It examines the issue of GUIs vs. command line interfaces, among other things.

I'm pretty sure there is an anecdote there that says that Mac OS did have a hidden command line? It was only for Apple engineers, not for end users, but it was there. I'd appreciate a pointer if anyone remembers.




The Macintosh Programmers Workbench (MPW), the first IDE for Mac, had a command-line with a simple shell.

When I used it in 1986 it really needed a big machine, i.e. 512K RAM :-)


MPW had an interesting way to ease GUI-centric users into its CLI-centric world. There was a mode you could trigger for commands that brought up a help-oriented GUI for the command to build the command argument list, which would then echo onto the command line. Depending upon who built the GUI, it was usually a less terse and friendlier help for new users than AIX's SMIT, for those who are familiar with that.

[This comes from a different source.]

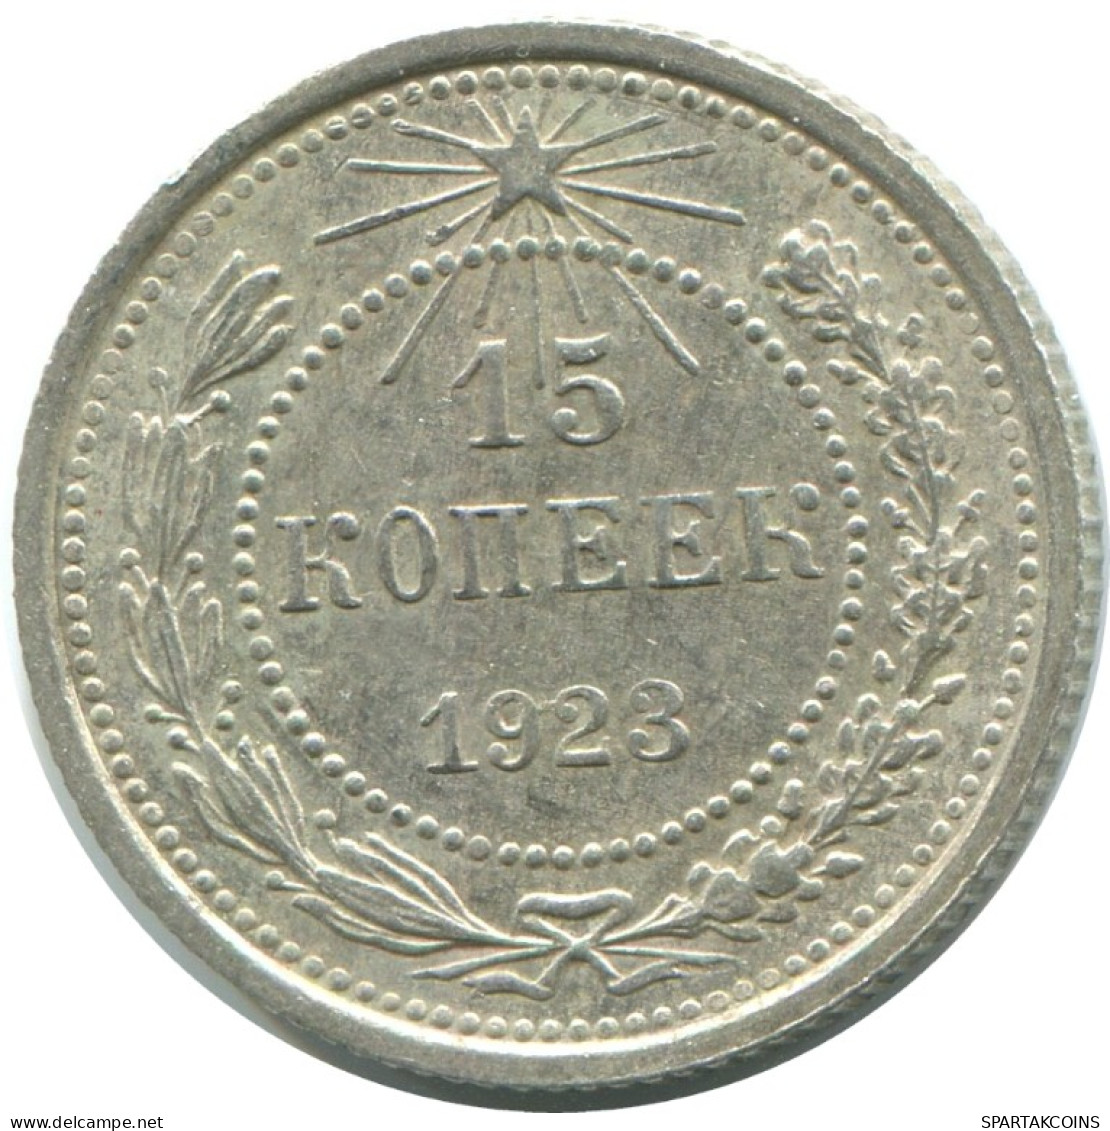 15 KOPEKS 1923 RUSSIA RSFSR SILVER Coin HIGH GRADE #AF032.4.U.A - Russie

I sometimes wish there was an open source equivalent like that for Linux , but with live, interactive building of the command as the GUI options were manipulated so new users could get a feel for commands more readily. This would act as an intermediate help system for casual users that is friendlier than manpages, and more immediate than searching around the Net.

[1] https://www.macintoshrepository.org/1360-macintosh-programme...


> There was a mode you could trigger for commands that brought up a help-oriented GUI for the command to build the command argument list, which would then echo onto the command line.

This still lives on in a sense. For example, in VSCode, many UI commands translate to executing shell code in its internal terminal (and you can see both the commands and the output).


Thanks, I'm pretty sure that's what Stephenson mentioned in his essay / book.